Chilled fruit salad is a refreshing and healthy way to satisfy your afternoon craving for something sweet.

Sweet

  • Fruit, frozen, fresh, or dried. Frozen grapes, dried apricots and banana chips are extra sweet options if your sweet craving is strong.
  • A cup of decaf coffee with your favorite low fat creamer and ½ tablespoon of sugar. If find this treat, with a few tea biscuits helps satisfy my craving for something sweet and chocolaty. Of course, you could also have a cup of hot cocoa or chai tea as well if you don’t drink coffee.
  • A few squares of dark chocolate. Chose one with at least 60% cocoa for a heart-healthy boost.

Salty or Savory

  • Cut a hard-boiled egg in half. Add a tiny squirt of Dijon mustard and some paprika and fool your mouth into thinking you just had a devilled egg.
  • Low-fat cheese, high-fiber crackers, and salsa. This one is my favorites. It tastes like I’m eating nachos!
  • Pickles and/or olives.
  • Roasted nuts and seeds.

Unsalted whole nuts in the shell are a nutritious afternoon snack. And because they require a bit of extra work to get at, your less likely to mindlessly shovel handfuls of them into your mouth.
Unsalted whole nuts in the shell are a nutritious afternoon snack. And because they require a bit of extra work to get at, your less likely to mindlessly shovel handfuls of them into your mouth.

Crunchy

Sometimes what your mouth really craves is not food, but to be entertained. Snack foods that offer an extra bit of crunchy texture can cure your mouth of boredom.

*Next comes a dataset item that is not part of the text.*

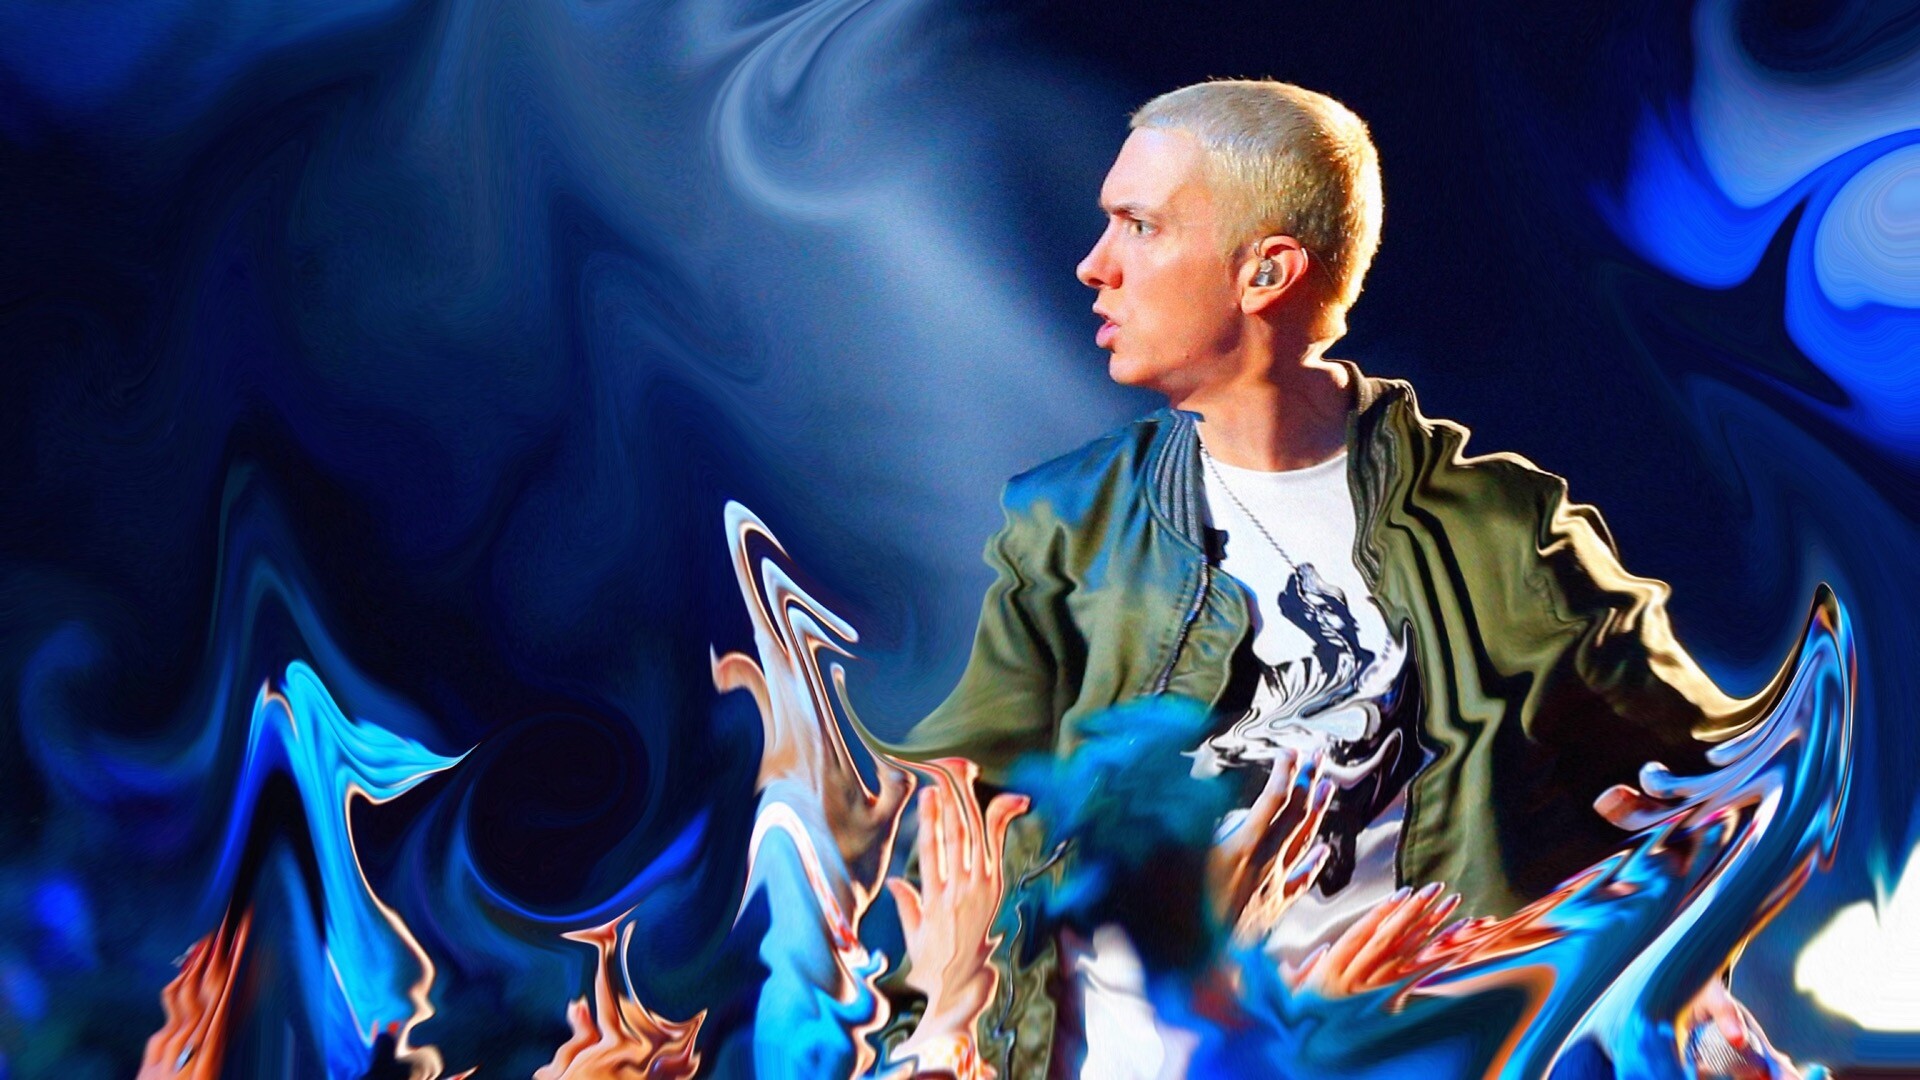 Eminem at the MTVs埃米纳姆主题Mac壁纸

  • Raw, crisp veggies that are not too cool but not room temperature either.
  • Unbuttered popcorn or mini popcorn cakes.
  • Low-salt pretzels.
  • Roasted chickpeas or wasabi peas.
  • Crunchy whole-grain granola bar.
  • Japanese rice crackers.
  • Vegetable chips (These are chips made from dried yams, carrots, parsnips, much like a banana chip. If you have a food dehydrator, you could try making your own veggie chips and then seasoning them with your favorite spices.)

Baked, multigrain tortilla chips or veggie chips in moderation can satisfy your mouth's yearning for extra crunch and texture.
Baked, multigrain tortilla chips or veggie chips in moderation can satisfy your mouth's yearning for extra crunch and texture.

Creamy

  • Low-fat cream cheese
  • Low-fat, no sugar added yogurt
  • Cottage cheese
  • Hummus
  • Avocado
  • Smooth peanut butter or other types of nut butters

If you want these snacks to really pack a punch and help you take the edge off your cravings, combine the three main food categories together (protein, fruit or veggie, and a carbohydrate). Your snack will feel like a satisfying mini-meal.

For example, here are a few of my favorite mid-day mini-snack combos are:

  • Whole wheat crackers, a small portion of cheese, and a few grape tomatoes.
  • A banana and a small yogurt cup with granola sprinkled on top.
  • Mandarins, a few pieces of dark chocolate, and some tea biscuits also take the edge off my craving for chocolate.
  • Ants on a log (Peanut butter, celery, and raisins. You can also make it with cream cheese and raisins or nuts).

As long as you are keeping your portions reasonably sized, there’s no need to worry about overdoing it and ‘spoiling your dinner’ as my Mom used to say.